Required action
Everything in the data must be repeated exactly, apart from the pictures, which are left out.

Dataset section
......

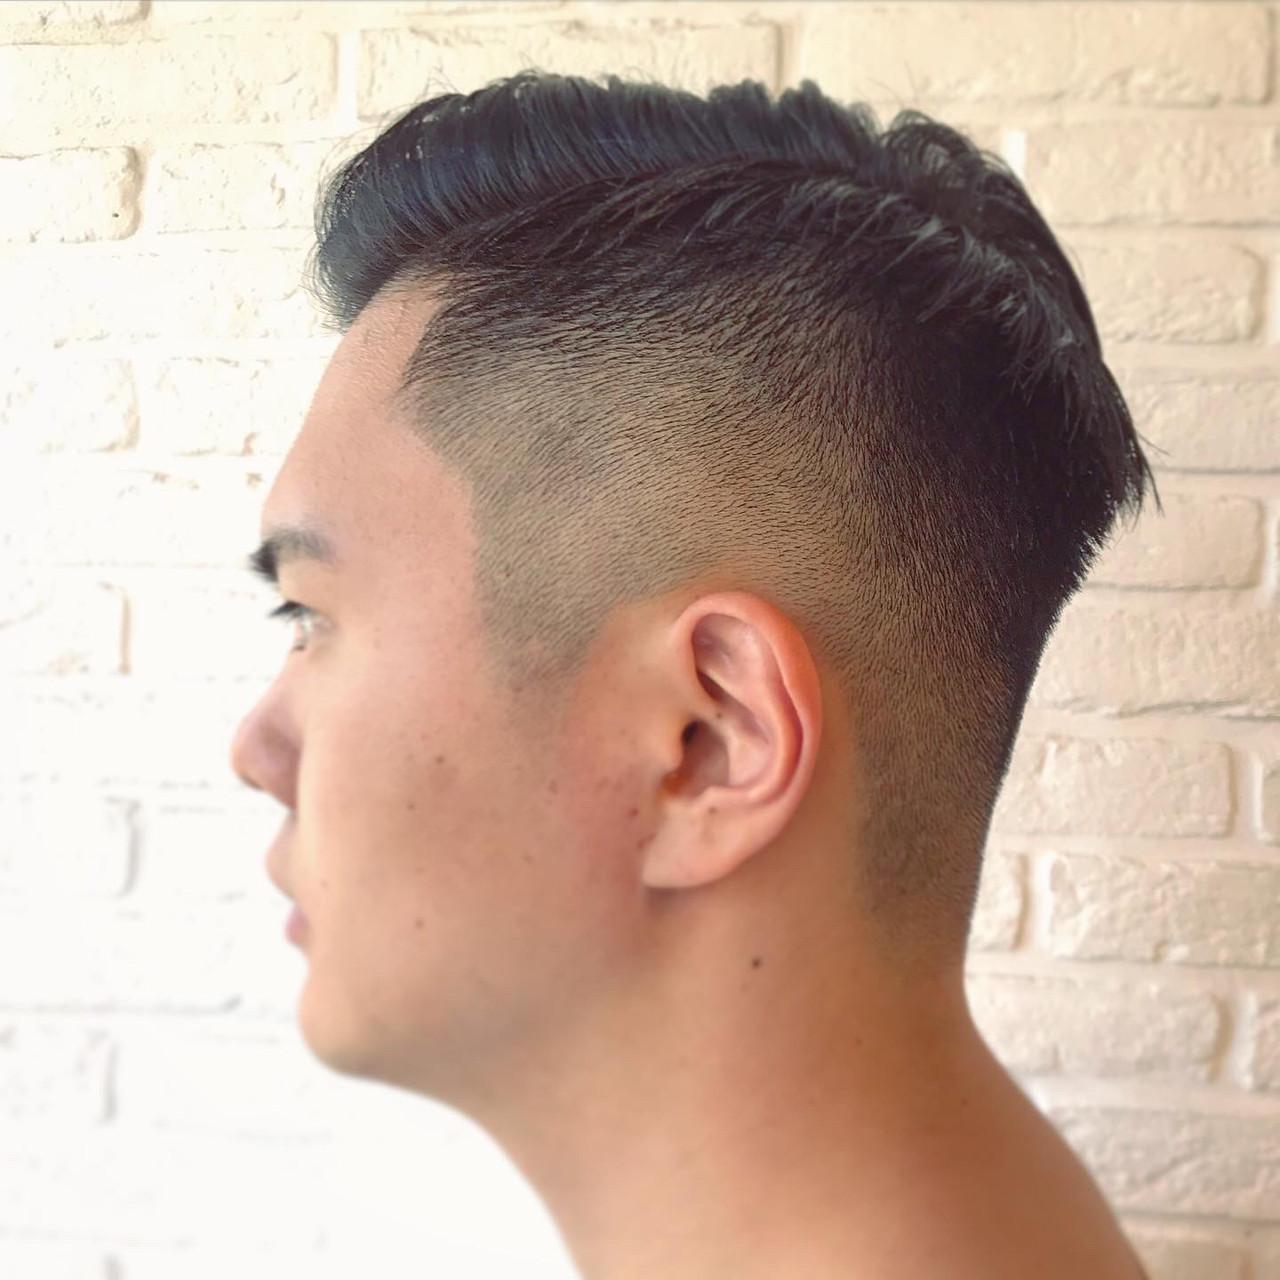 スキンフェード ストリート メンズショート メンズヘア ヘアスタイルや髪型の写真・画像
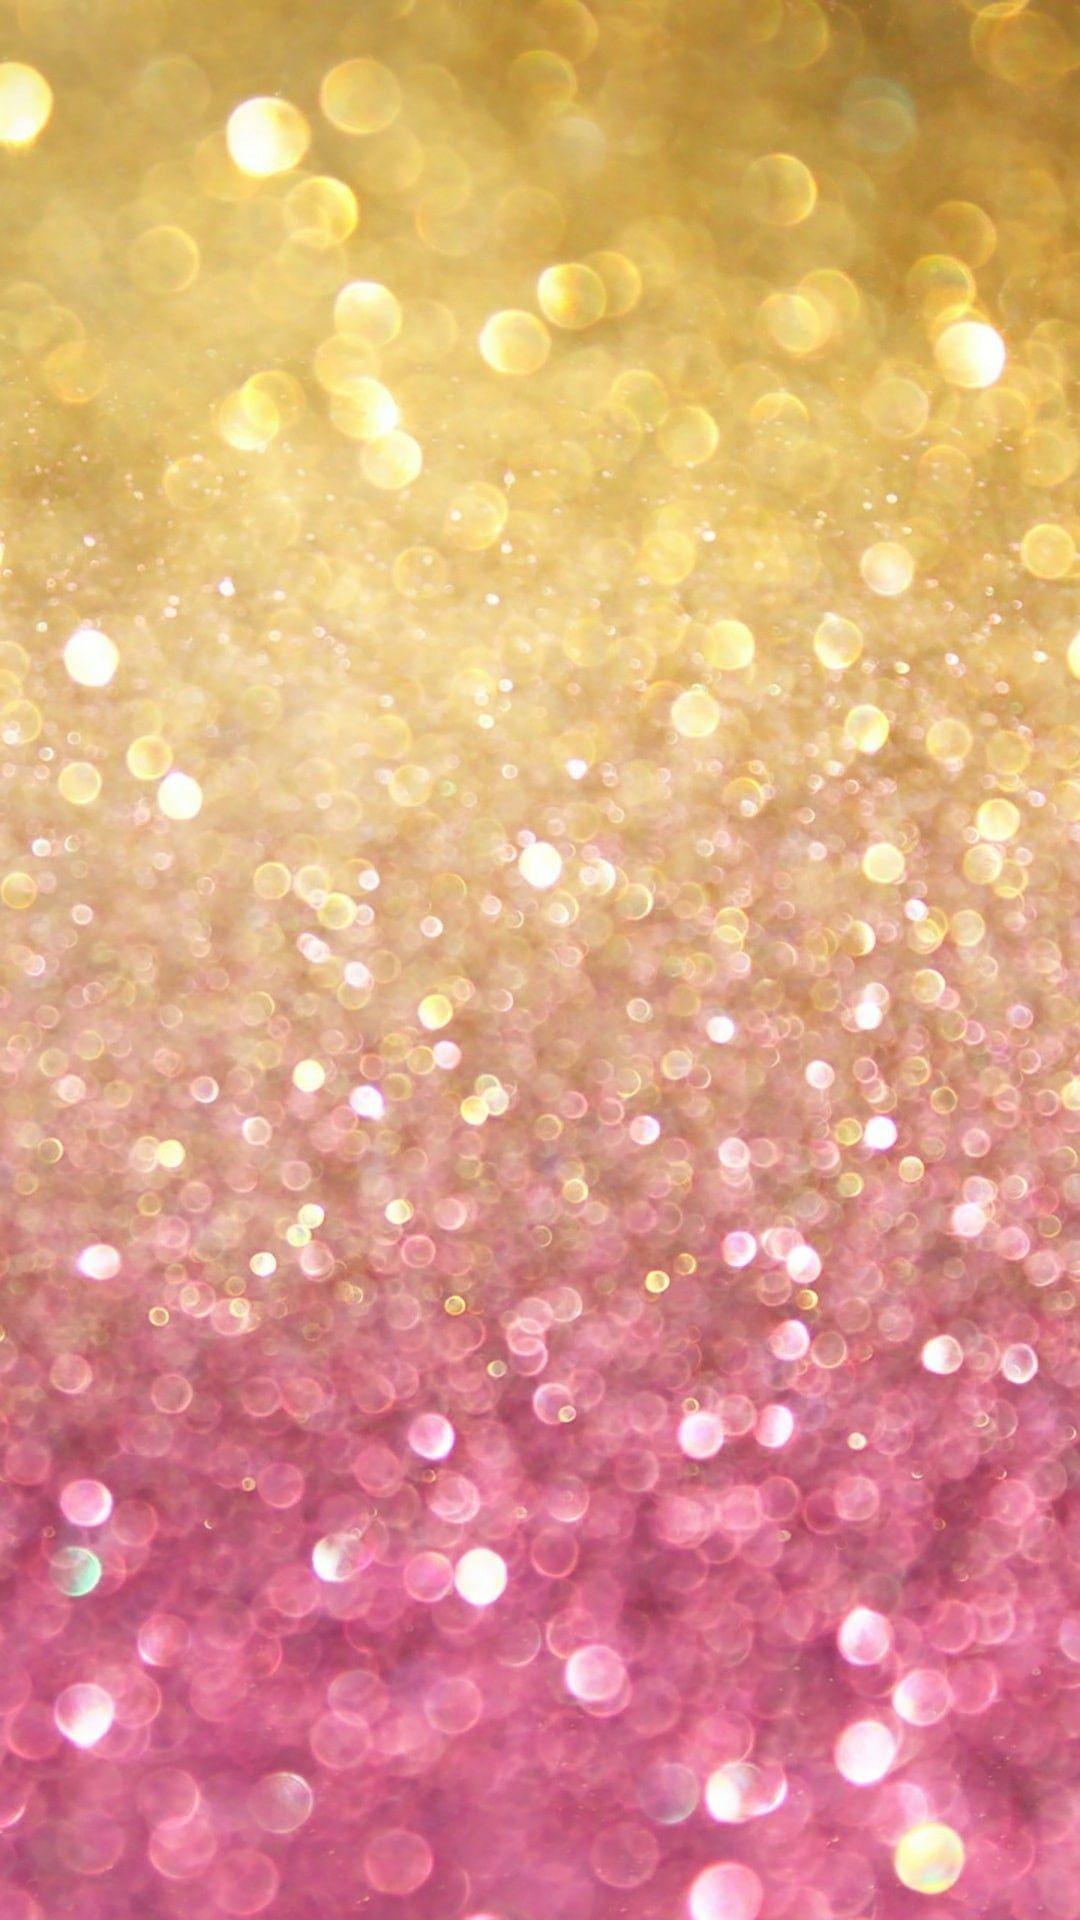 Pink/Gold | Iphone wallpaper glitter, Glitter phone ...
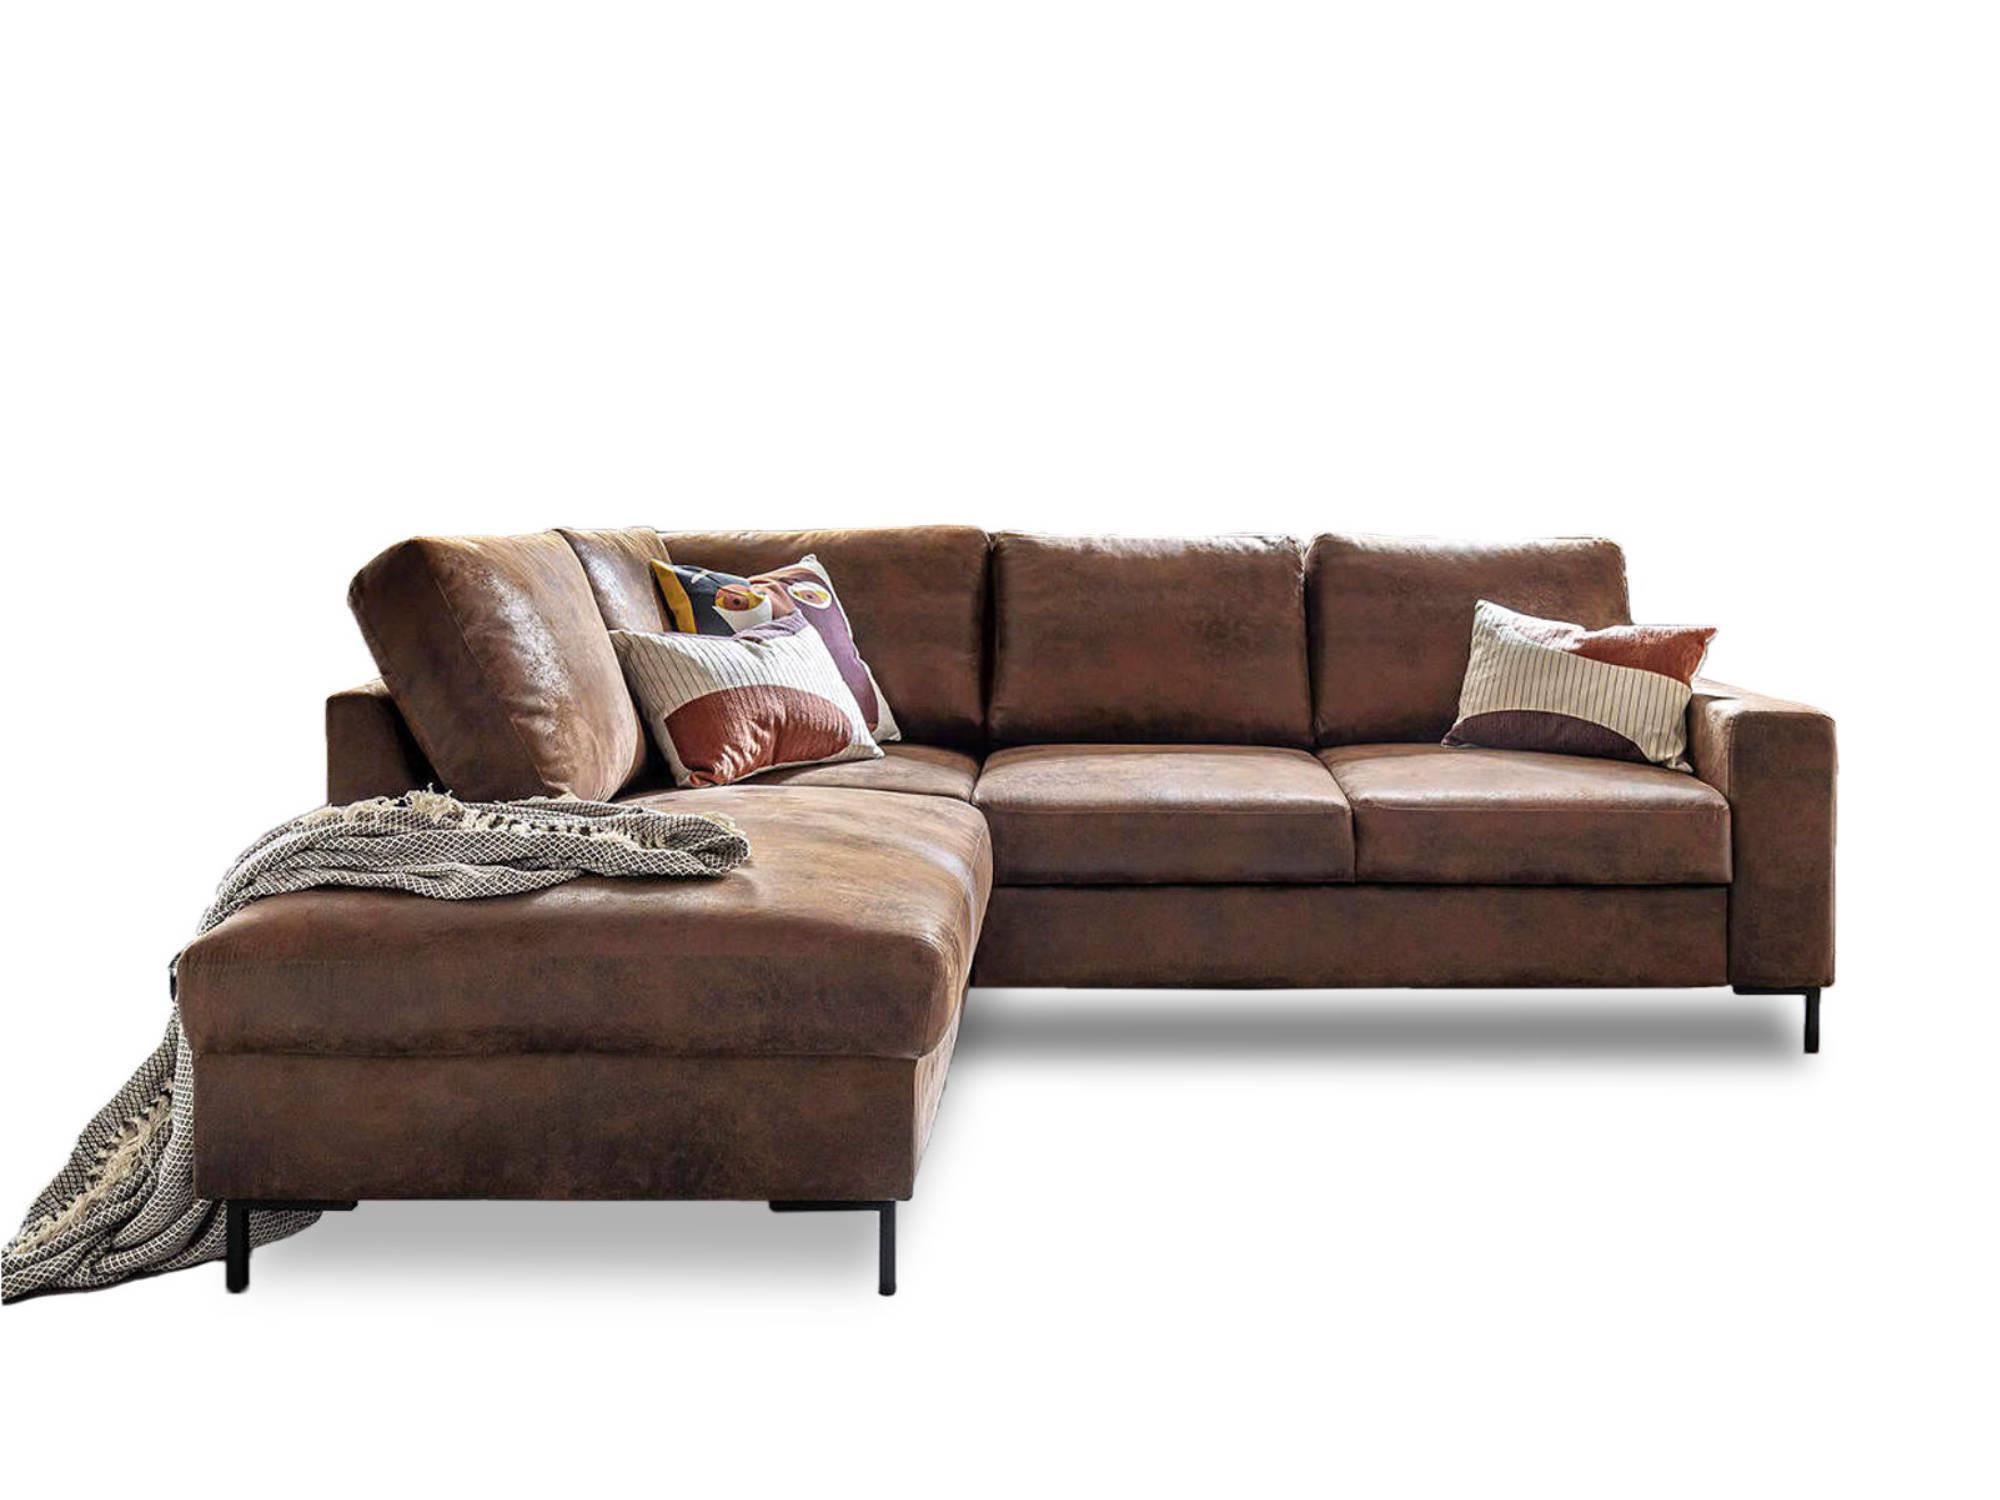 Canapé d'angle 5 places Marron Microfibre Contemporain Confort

......

Written reply
 スキンフェード ストリート メンズショート メンズヘア ヘアスタイルや髪型の写真・画像
 Pink/Gold | Iphone wallpaper glitter, Glitter phone ...
 Canapé d'angle 5 places Marron Microfibre Contemporain Confort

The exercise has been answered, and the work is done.